Pictures are to be dropped. Everything else in the listing gets copied exactly.

EXERCISE DATA -
+ + +

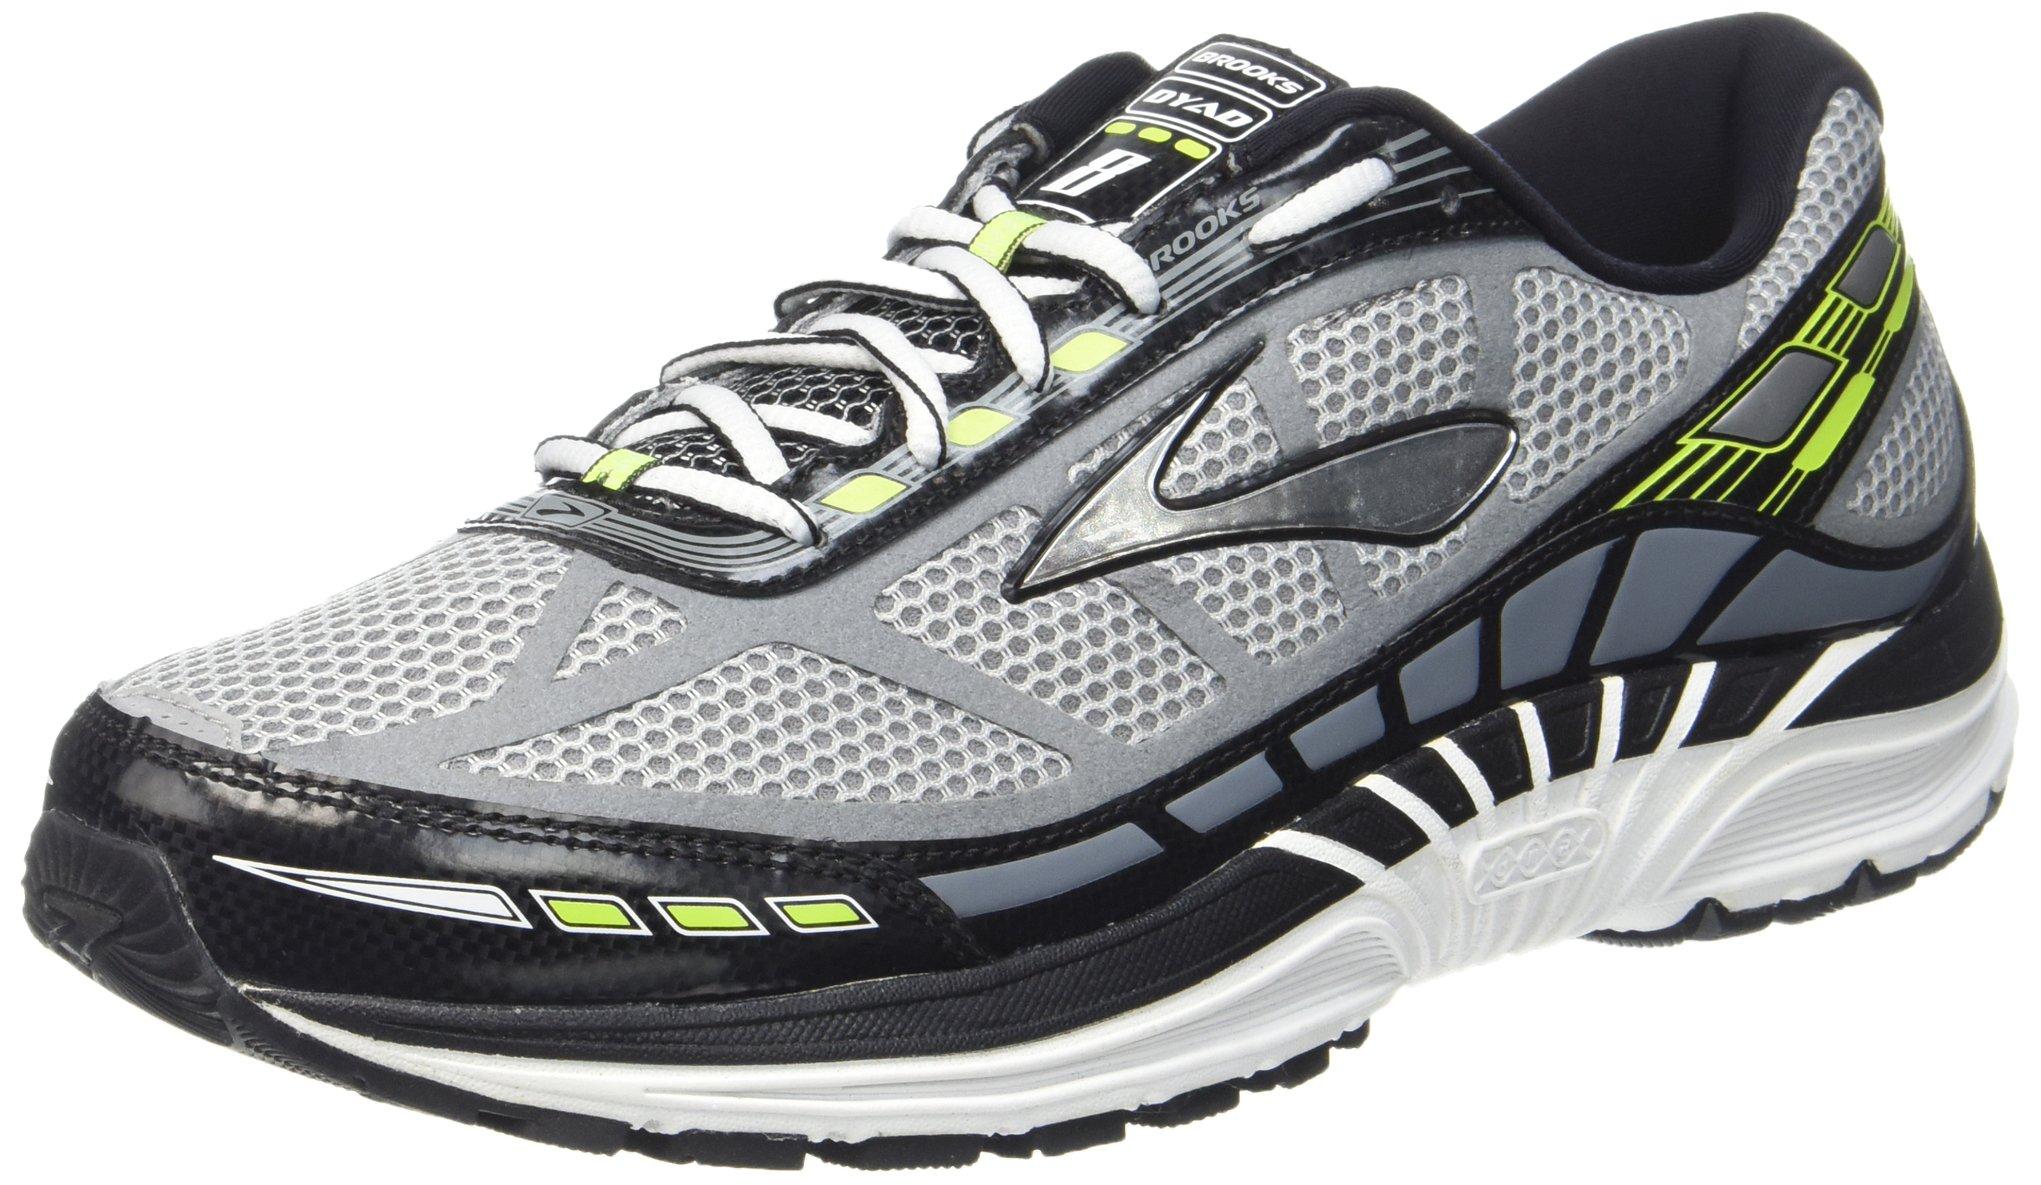 Brooks Men's Dyad 8 Running Shoes - Buy
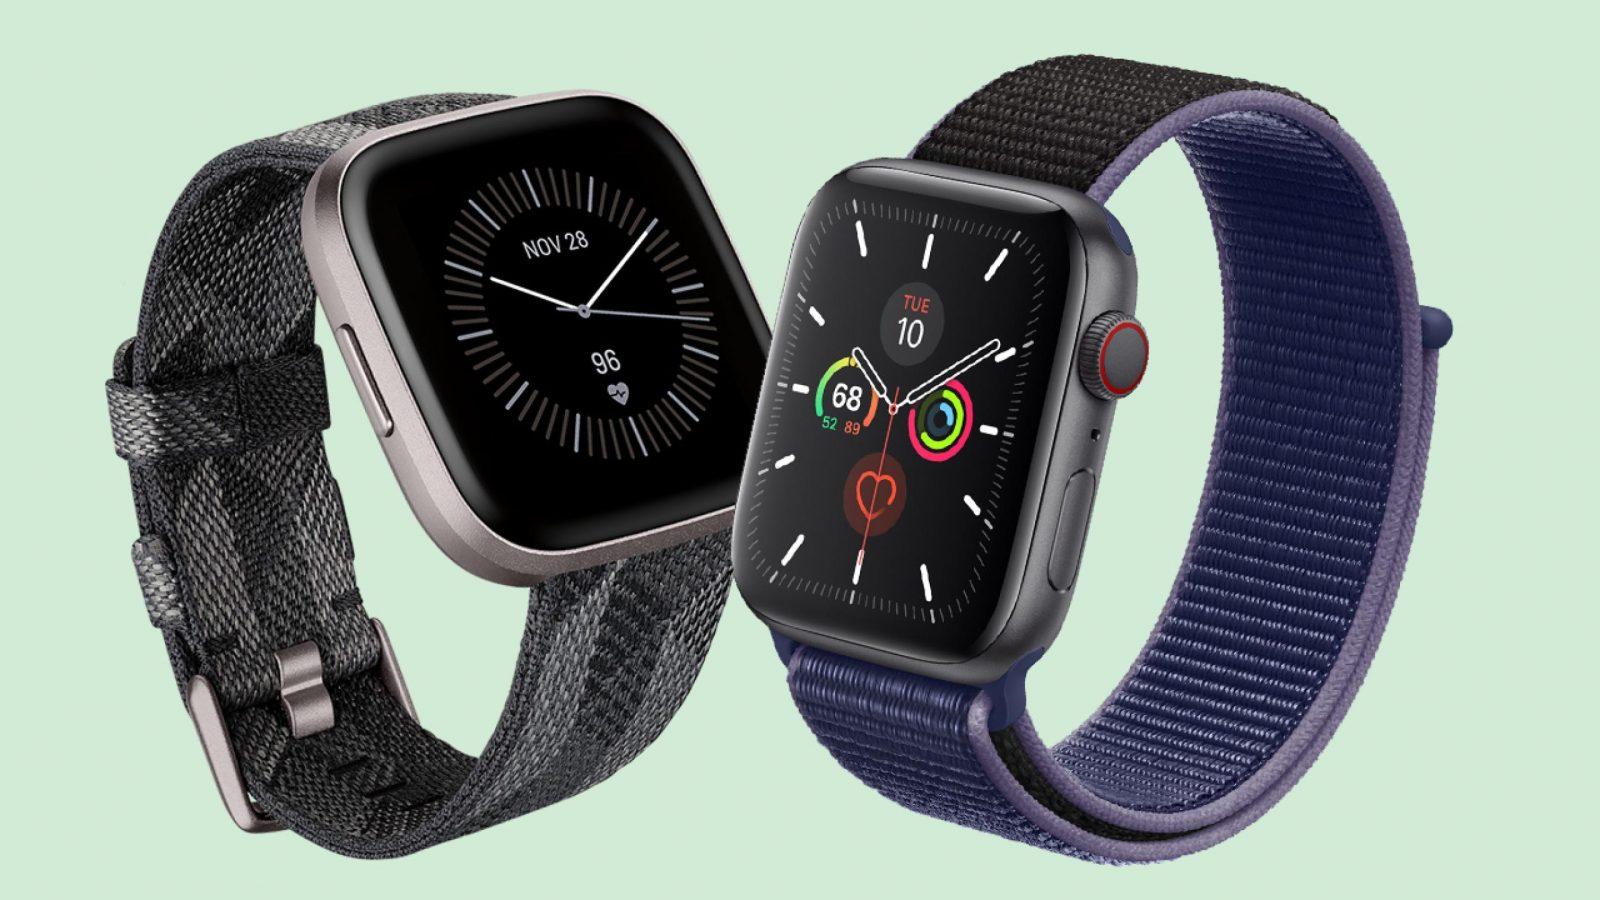 Apple Watch Series 5 VS Fitbit Versa 2
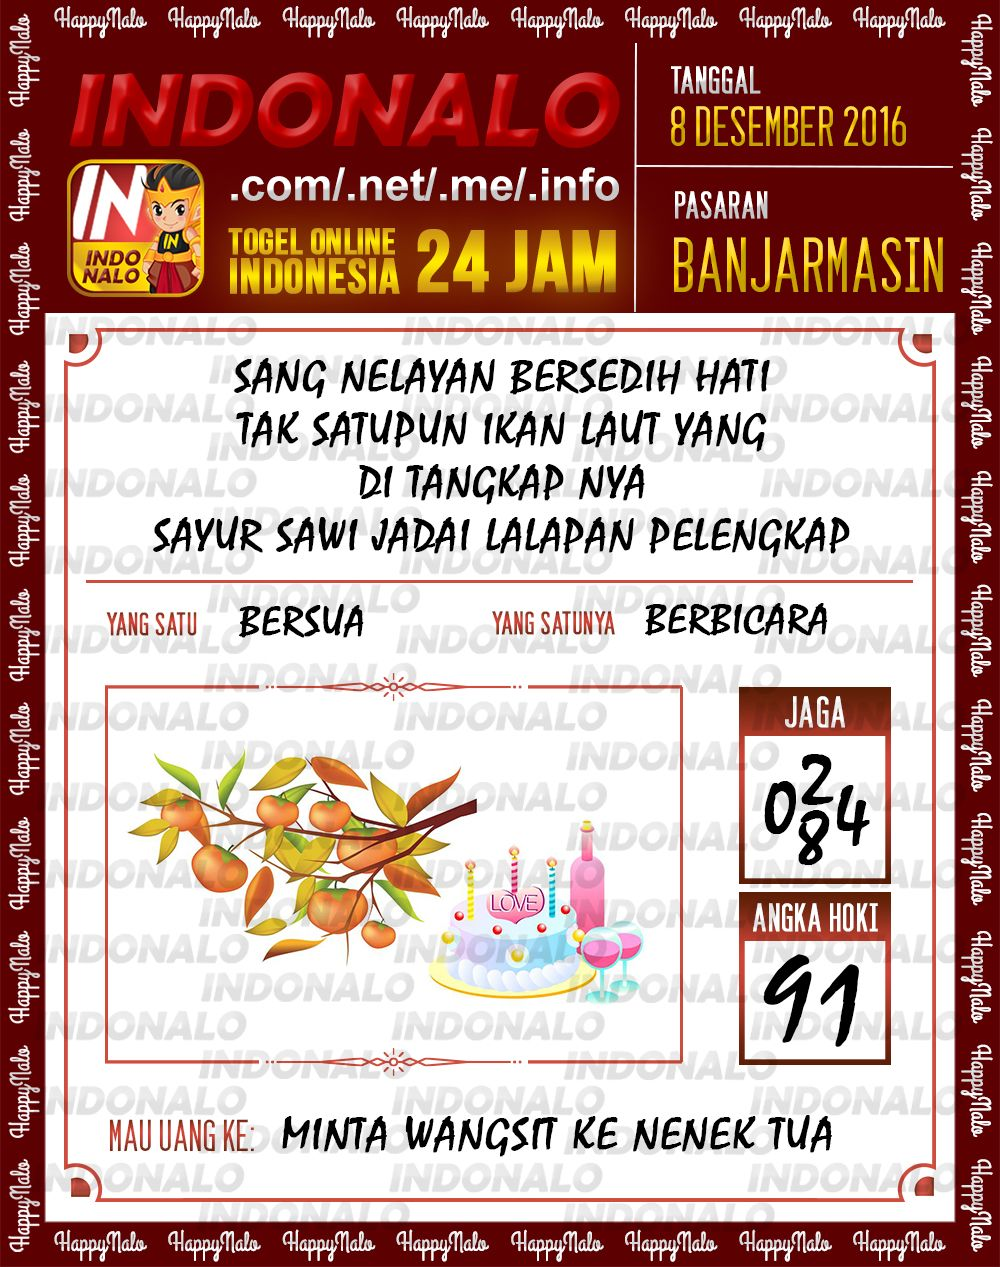 Angka Kumat 4D Togel Wap Online Live Draw 4D Indonalo Banjarmasin 8 Desember 2016

+ + +

TASK OUTPUT -
 Brooks Men's Dyad 8 Running Shoes - Buy
 Apple Watch Series 5 VS Fitbit Versa 2
 Angka Kumat 4D Togel Wap Online Live Draw 4D Indonalo Banjarmasin 8 Desember 2016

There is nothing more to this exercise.